Some good questions here.
In broad terms, I think the premise that high-frequency equalization should mostly take the form of shelf or very low Q peak filters (broad adjustments in level, essentially) is quite advisable. I personally take this to a relative extreme; I don't even aim to notch the peak from my HD800, because I've found that doing so without putting a hole in the surrounding treble somewhere is troublesome. For most practical people's purposes, so long as it doesn't sound bad, I'd say that relatively fine/high Q equalization is reasonable up to 8-10khz, although it depends on a number of variables (particularly how the headphone's response varies with position on the head of the wearer).
Regarding the intersection of HRTF and HpTF, let's consider two extremes and how they would impact things:
First, let's imagine a world where headphones are "HRTF chameleons" - by some process, whether acoustic or computer controlled, they perfectly approximate the individual wearer's HRTF in the target sound field. In this world, you could see extremely wide variation in HRTFs and HpTFs, but have
zero variation in subjective timbre of headphones,
because headphone subjective frequency response is equal to HpTF minus HRTF. This world is almost entirely reconcilable with Hammershøi & Møller's data.
Second, let's imagine a world where headphones are "HRTF blind" - perhaps in this world a trend of very deeply inserted in-ear monitors dominates, but for whatever reason, the HpTF is
absolutely constant between wearers, even as individual HRTF varies. Subjective frequency response would track roughly according to the scenario you're outlining in this post - up to around the peak of the ear resonance there'd be agreement, and then it would all go south. A headphone that sounds peaky to one person would be smooth to another, and we'd have a great deal of trouble comparing our subjective impressions of headphones at all in the higher frequencies.
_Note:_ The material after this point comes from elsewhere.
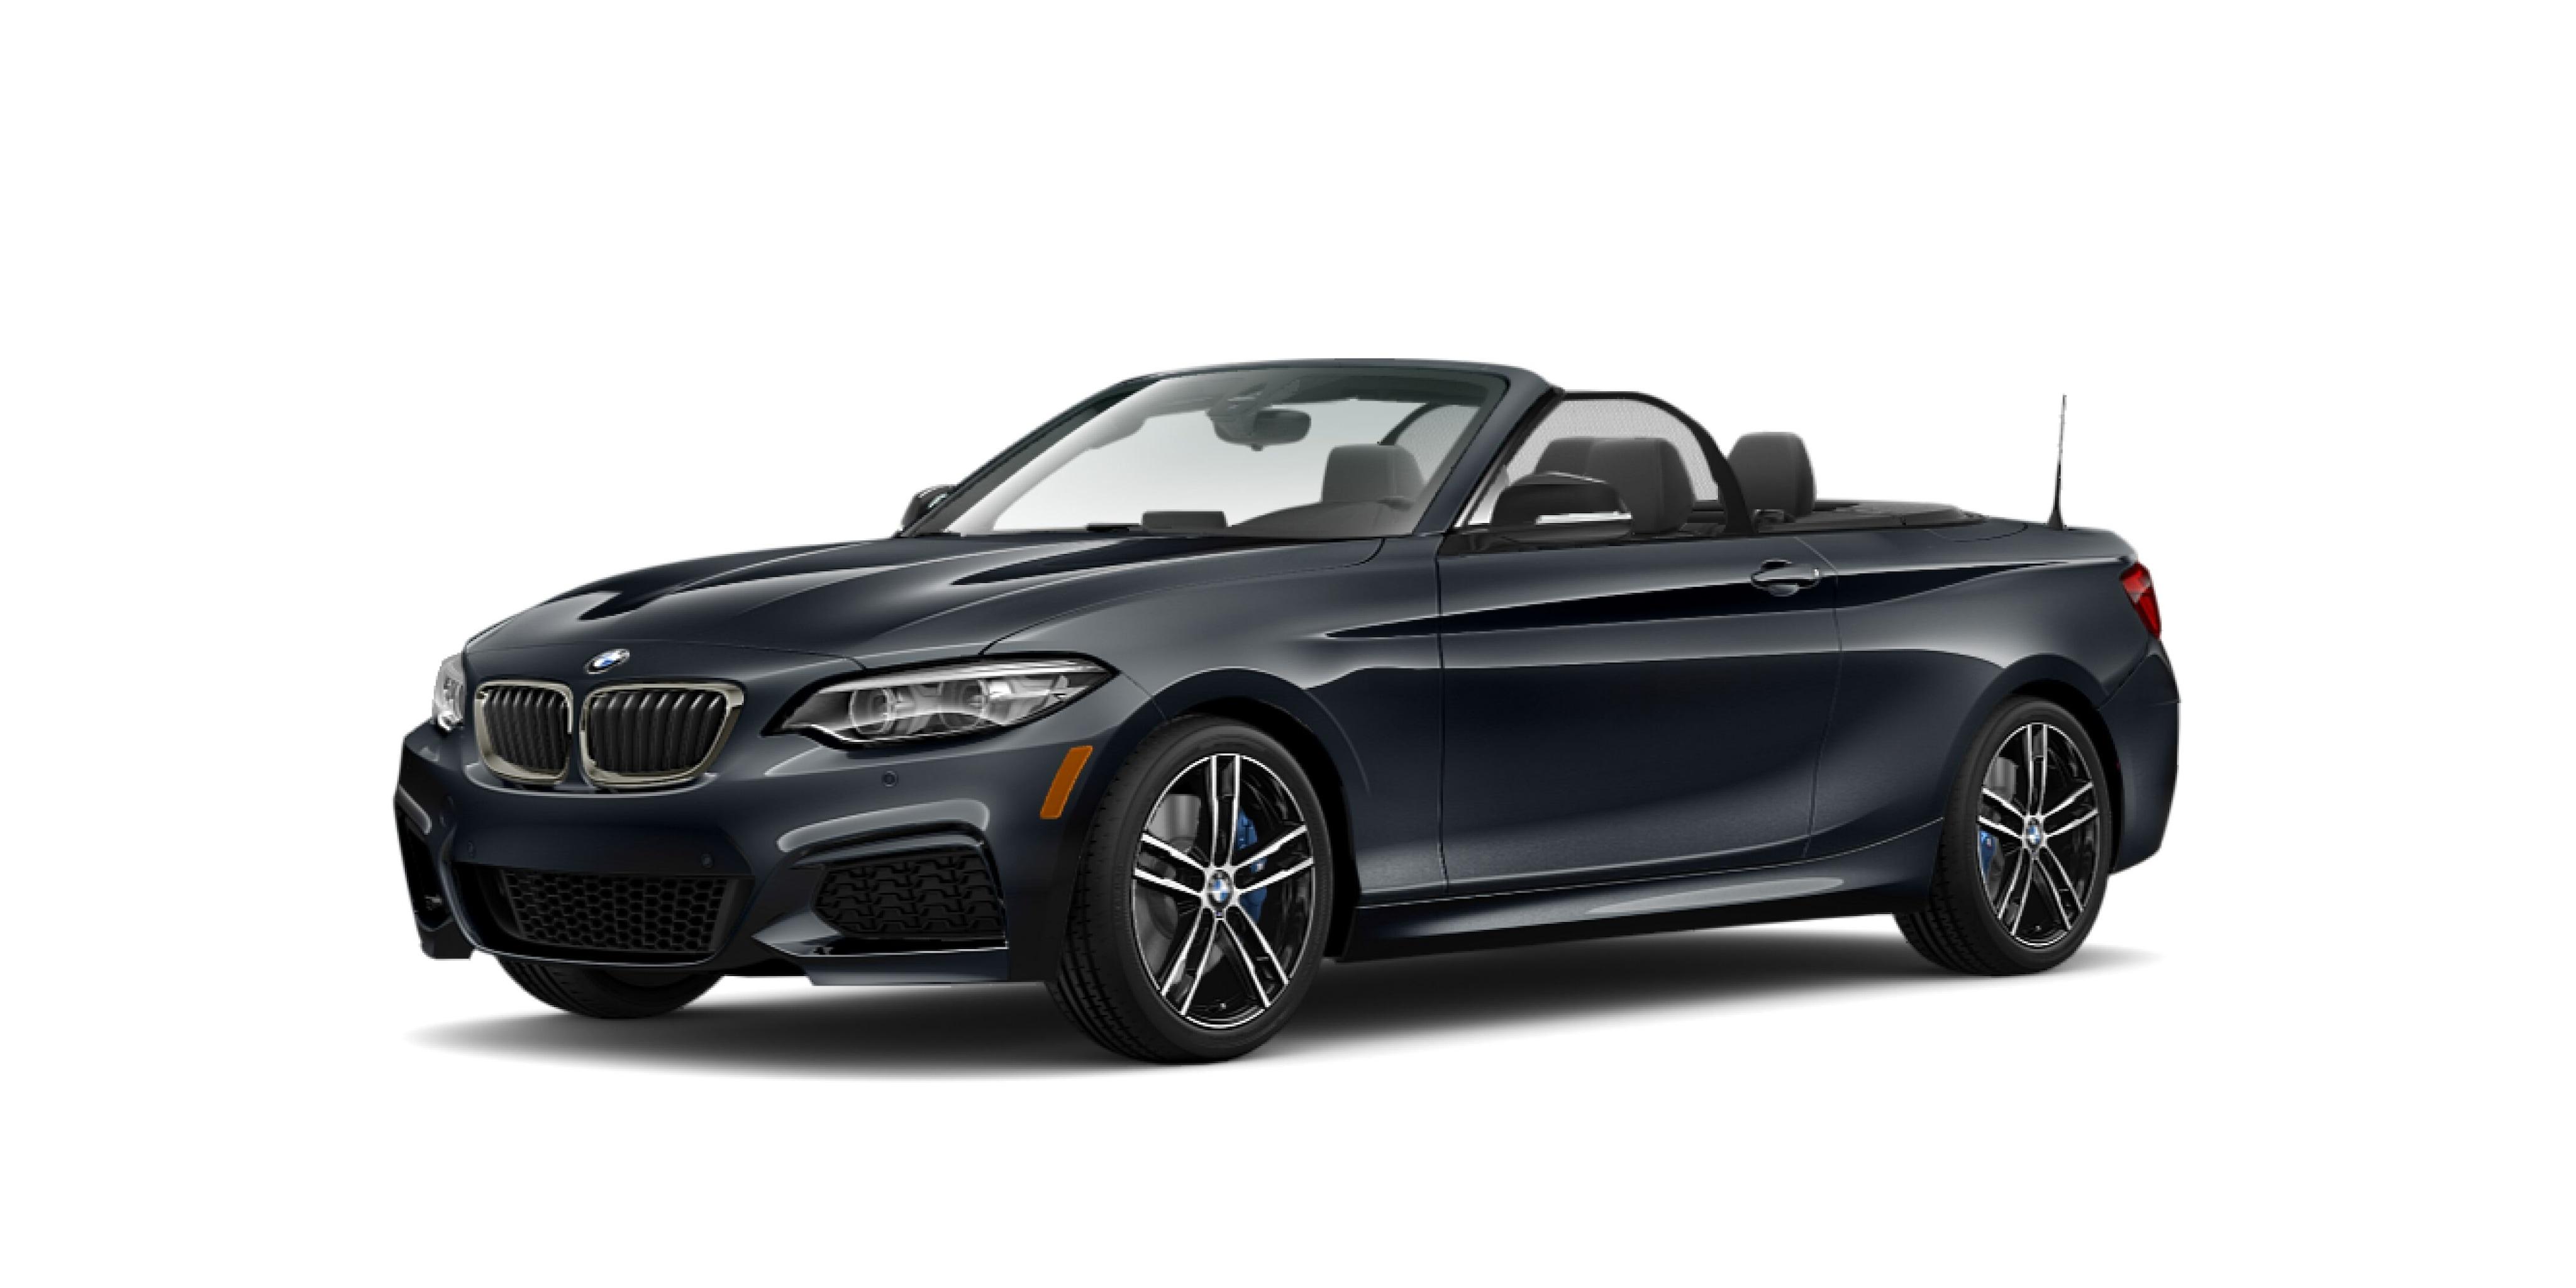 2020 BMW M240i xDrive Convertible Plattsburgh, NY

Now, in reality, we don't live in either of those worlds - some of the aspects of individual anatomy that influence HRTF also influence HpTF, so they aren't uncorrelated, but they also don't coincide perfectly. There's also the "x factor" of whether headphones have individualized and atypical interactions with some anatomy that doesn't relate in any way to HRTF - unarguably this happens at low frequencies with headphones with high acoustic impedance when a leak is present in the pad volume, but it could also happen at higher frequencies, and this would introduce another source of response variation.
Pragmatically, I don't think that we can use measurements of headphones on population average measurement fixtures to make some of the projections we can make about other types of equipment - e.g. "DUT A will sound the same as DUT B" - and non-individualized equalization is inevitably going to be an area where caution is wise, and erring towards broader filters and leaving the high Q features mostly alone is likely to yield better results on average, but equally, headphones are such radically audibly different devices that we don't
need the degree of consistency of coherency between test and in situ that we have with amplifier or DAC measurements to make very reasonable extrapolations about what will sound better.
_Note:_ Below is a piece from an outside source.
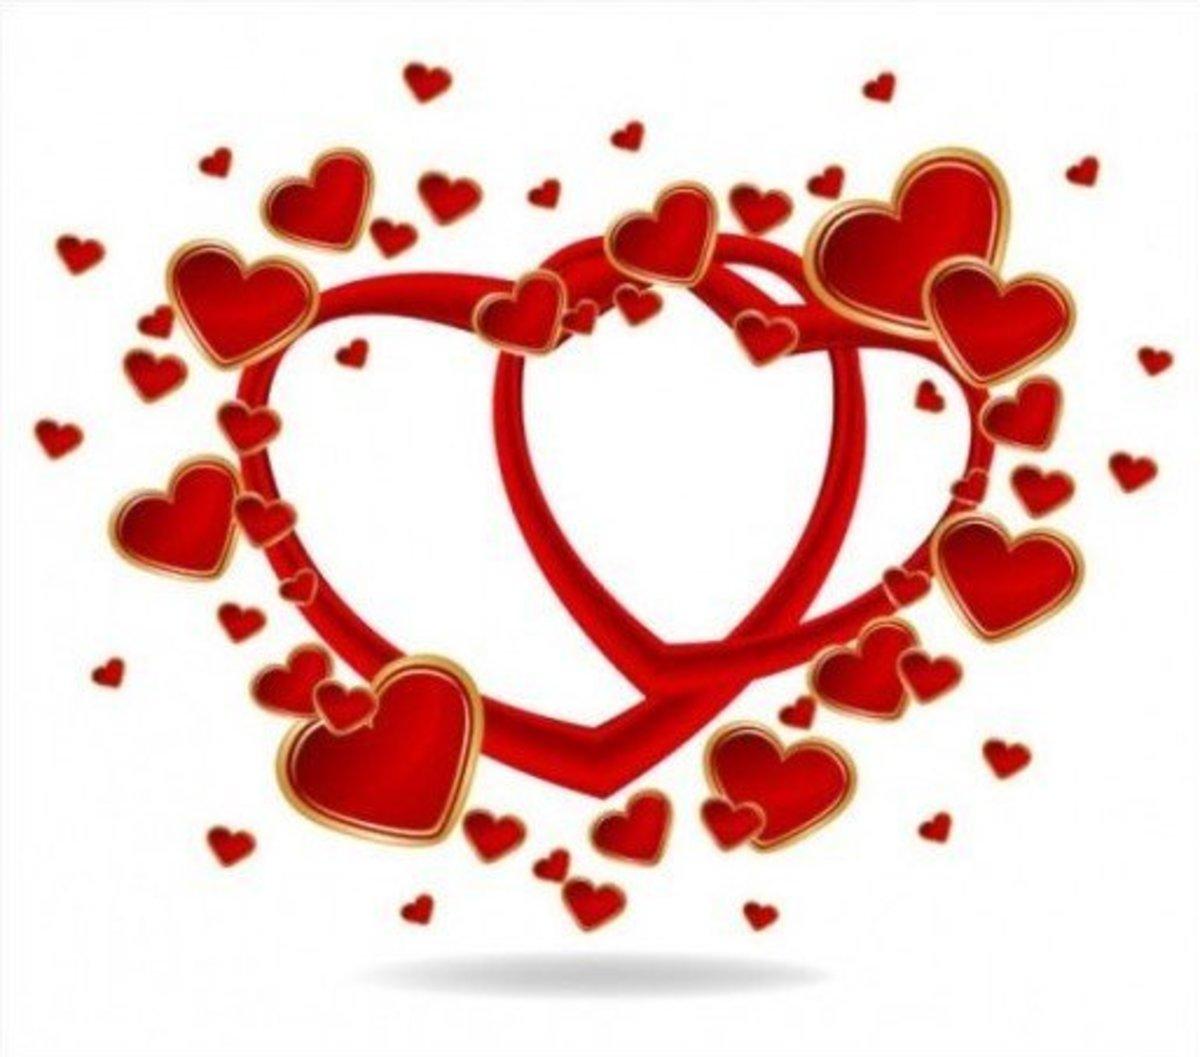 Interlocking Red Hearts Picture

This all said, I still don't entirely grasp what Amir's primary goal with this headphone testing project is; if it's to redefine headphone metrology and take it out of the dark ages...well, we weren't in the dark ages to begin with, so that'd be pretty hard
If it's to present an additional impartial source of reliable headphone measurements alongside what presently exists (Oratory, Resolve/Headphones.com, Clarityfidelity/Speakerphone, Keith Howard/HeadphoneTestLab, Brent Butterworth/Soundstage Solo, etc), then we've already got validation of concept. If it's to improve on the current state of the art in headphone metrology that's very conceivable - the 5128 can reasonably claim to be the most accurate way to measure headphones that presently exists, and there's still plenty of room for innovation in methodology if Amir is interested in that.